Task goal: Your job is to print, exactly, the lines in the data below from the line with "サミュエル軽蔑するスクリュー" through the line with "апельсина. Товар сертифицирован.", both included, and to omit any picture.

Data supplied:
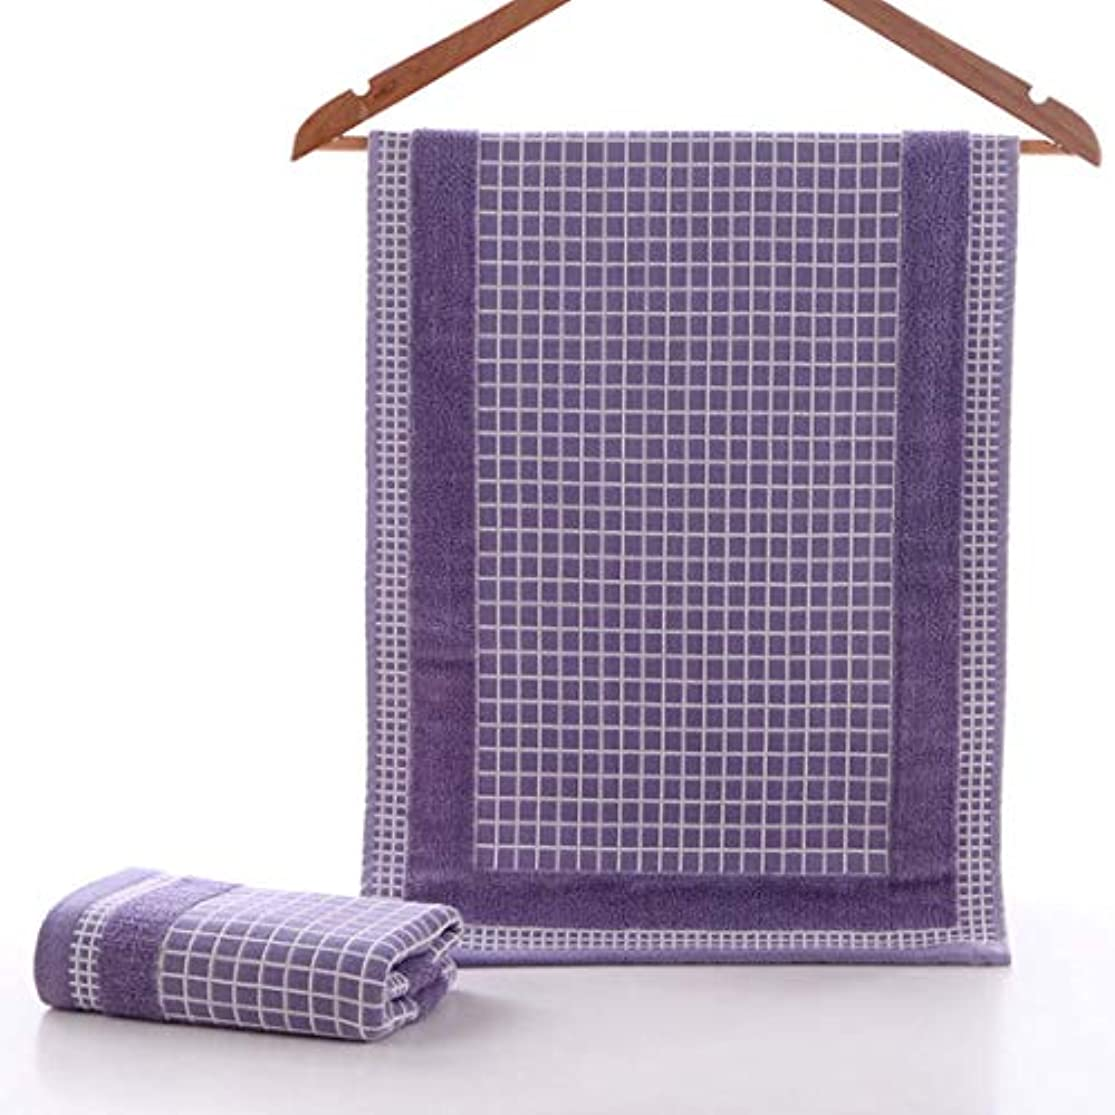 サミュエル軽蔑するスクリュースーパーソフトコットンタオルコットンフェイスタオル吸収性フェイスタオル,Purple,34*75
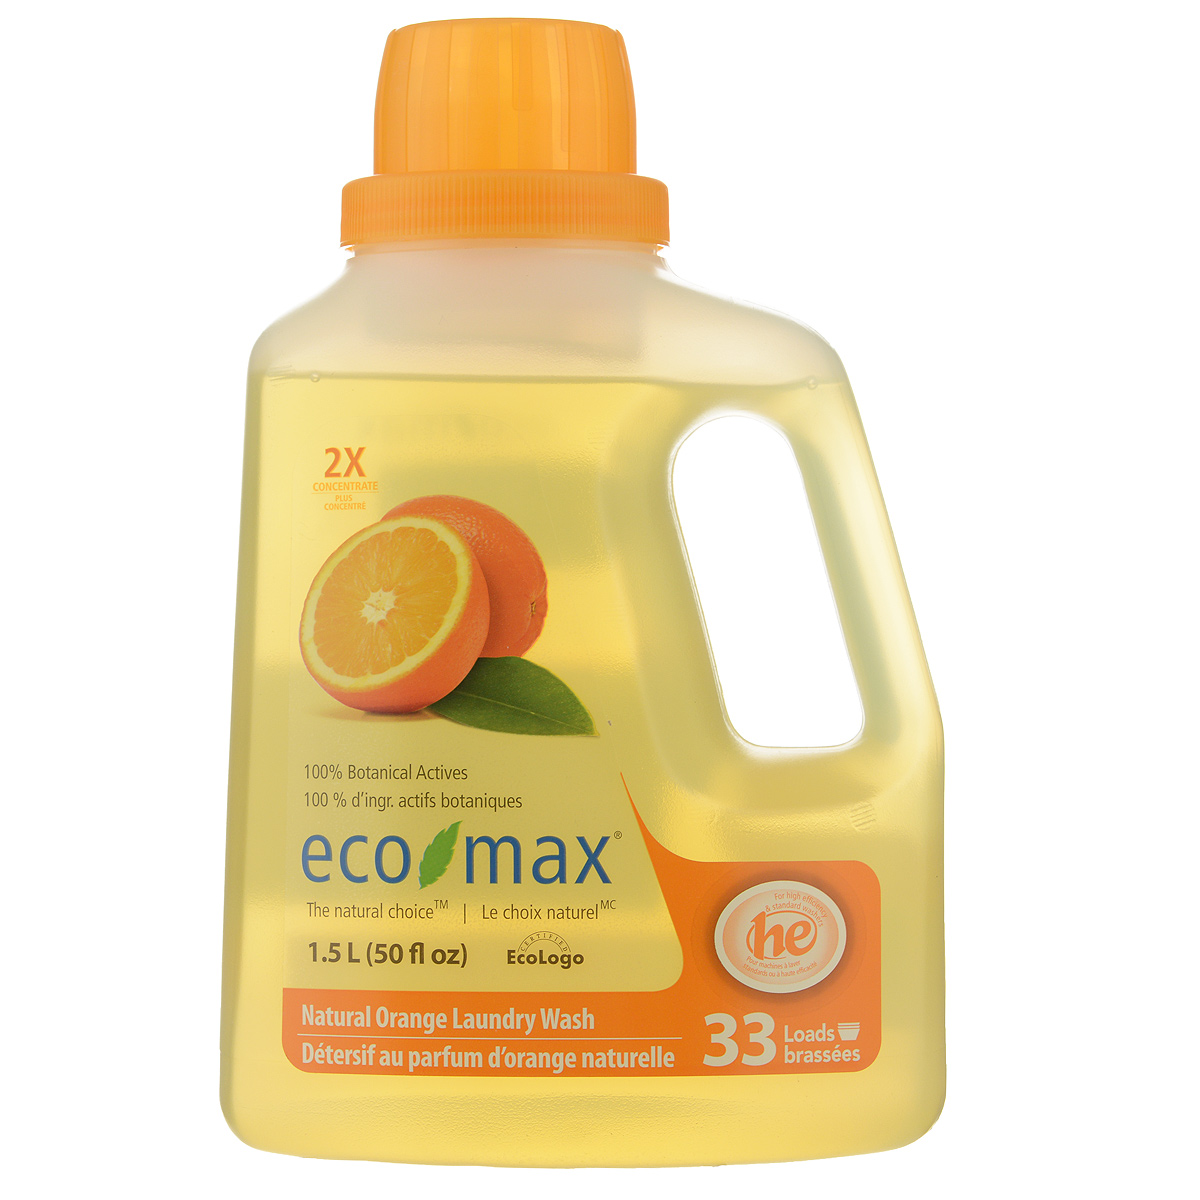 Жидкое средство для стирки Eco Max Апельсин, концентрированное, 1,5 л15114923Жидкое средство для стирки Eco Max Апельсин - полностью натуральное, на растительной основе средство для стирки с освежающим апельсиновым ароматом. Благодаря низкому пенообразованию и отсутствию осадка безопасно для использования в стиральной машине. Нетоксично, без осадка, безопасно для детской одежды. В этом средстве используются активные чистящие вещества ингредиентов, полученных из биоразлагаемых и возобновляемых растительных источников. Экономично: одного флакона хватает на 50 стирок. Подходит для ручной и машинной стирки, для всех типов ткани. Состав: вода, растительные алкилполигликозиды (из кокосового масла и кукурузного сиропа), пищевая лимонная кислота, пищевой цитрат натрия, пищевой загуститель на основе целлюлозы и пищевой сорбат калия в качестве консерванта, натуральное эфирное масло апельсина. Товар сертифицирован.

...

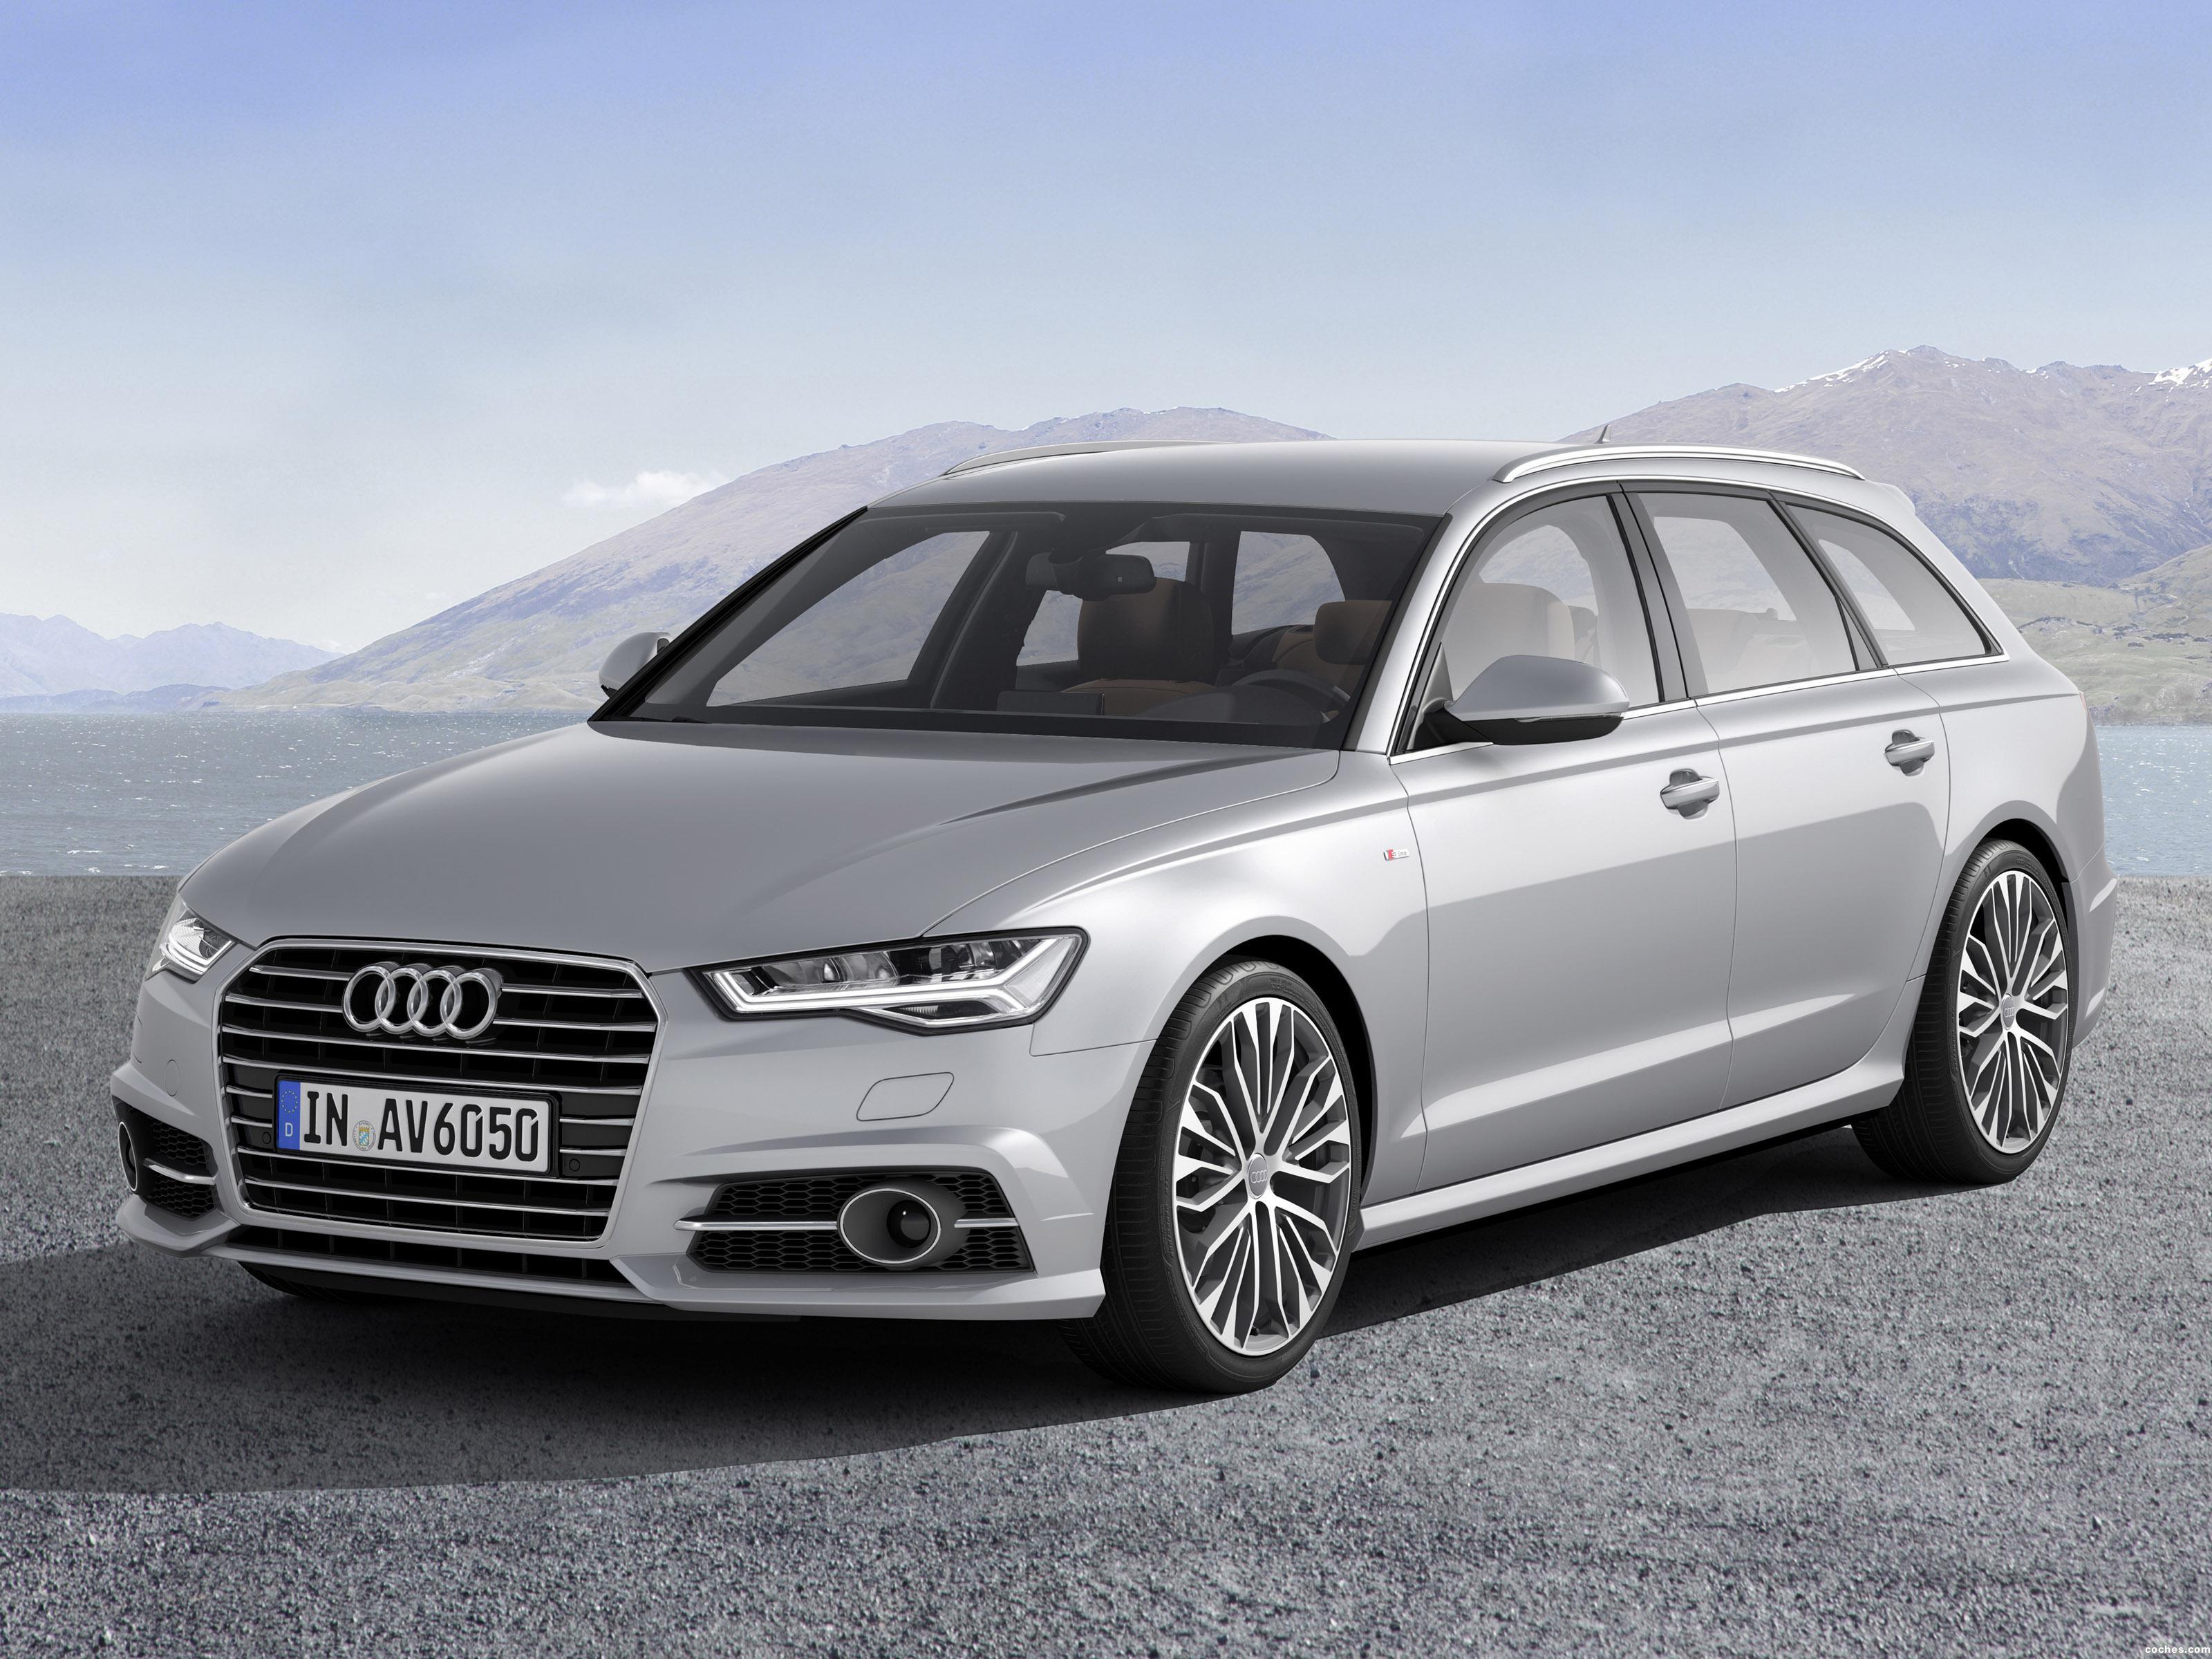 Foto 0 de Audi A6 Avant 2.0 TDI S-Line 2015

* * *

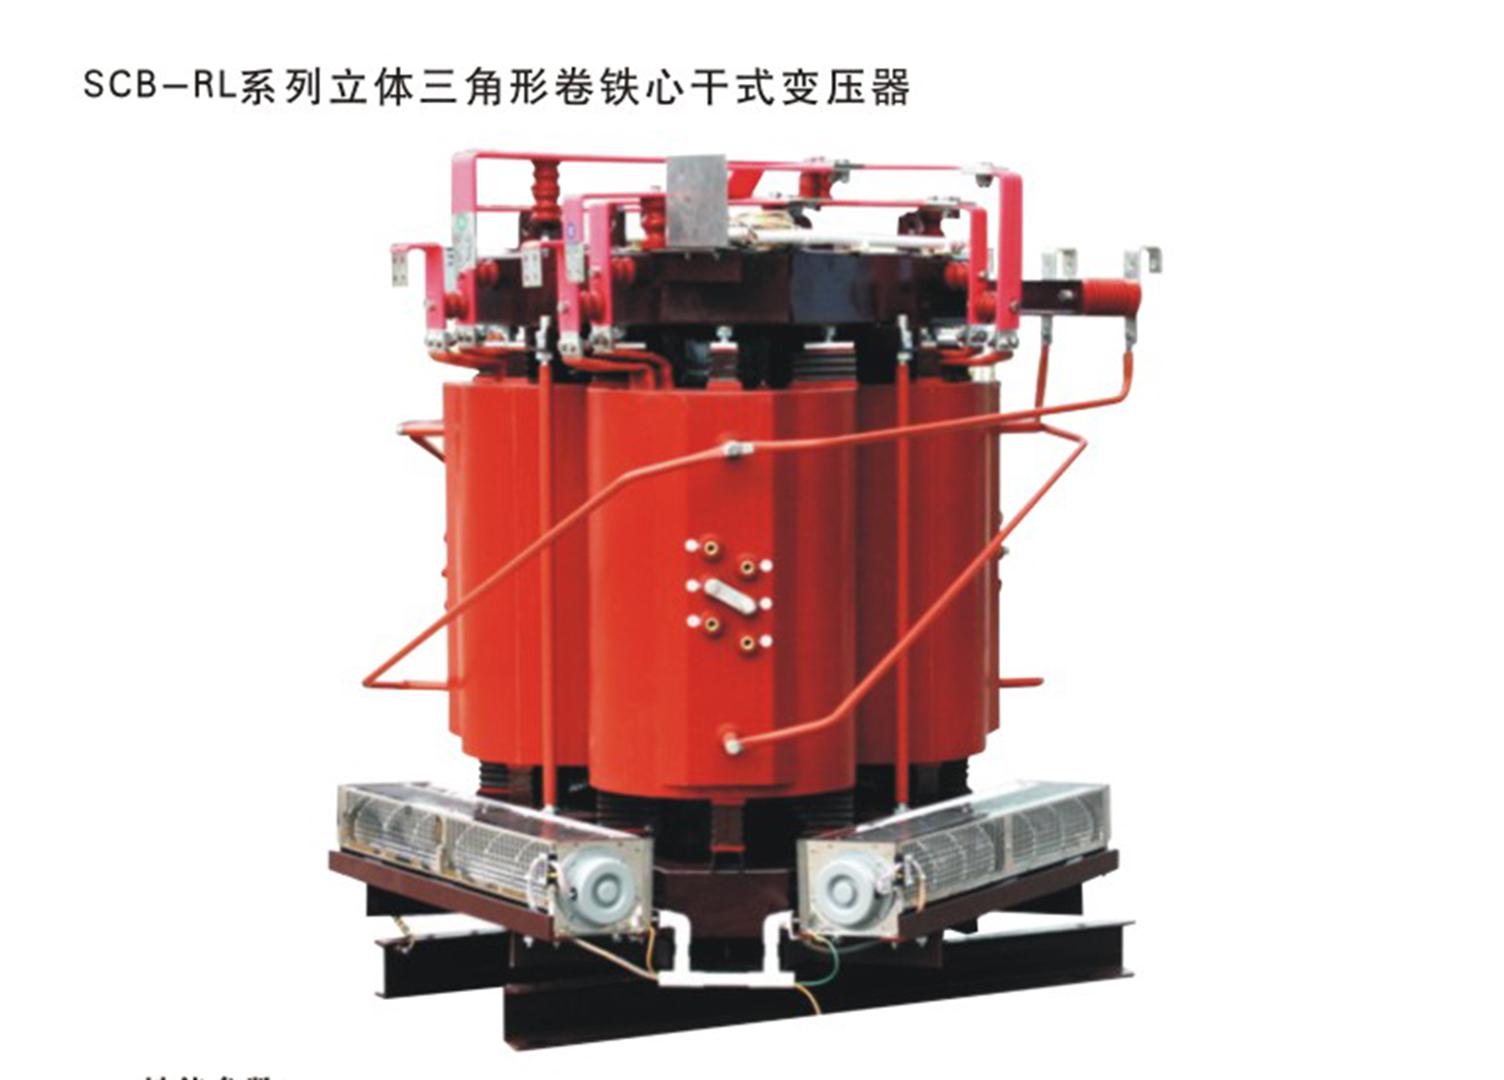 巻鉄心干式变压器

Task result:
 サミュエル軽蔑するスクリュースーパーソフトコットンタオルコットンフェイスタオル吸収性フェイスタオル,Purple,34*75
 Жидкое средство для стирки Eco Max Апельсин, концентрированное, 1,5 л15114923Жидкое средство для стирки Eco Max Апельсин - полностью натуральное, на растительной основе средство для стирки с освежающим апельсиновым ароматом. Благодаря низкому пенообразованию и отсутствию осадка безопасно для использования в стиральной машине. Нетоксично, без осадка, безопасно для детской одежды. В этом средстве используются активные чистящие вещества ингредиентов, полученных из биоразлагаемых и возобновляемых растительных источников. Экономично: одного флакона хватает на 50 стирок. Подходит для ручной и машинной стирки, для всех типов ткани. Состав: вода, растительные алкилполигликозиды (из кокосового масла и кукурузного сиропа), пищевая лимонная кислота, пищевой цитрат натрия, пищевой загуститель на основе целлюлозы и пищевой сорбат калия в качестве консерванта, натуральное эфирное масло апельсина. Товар сертифицирован.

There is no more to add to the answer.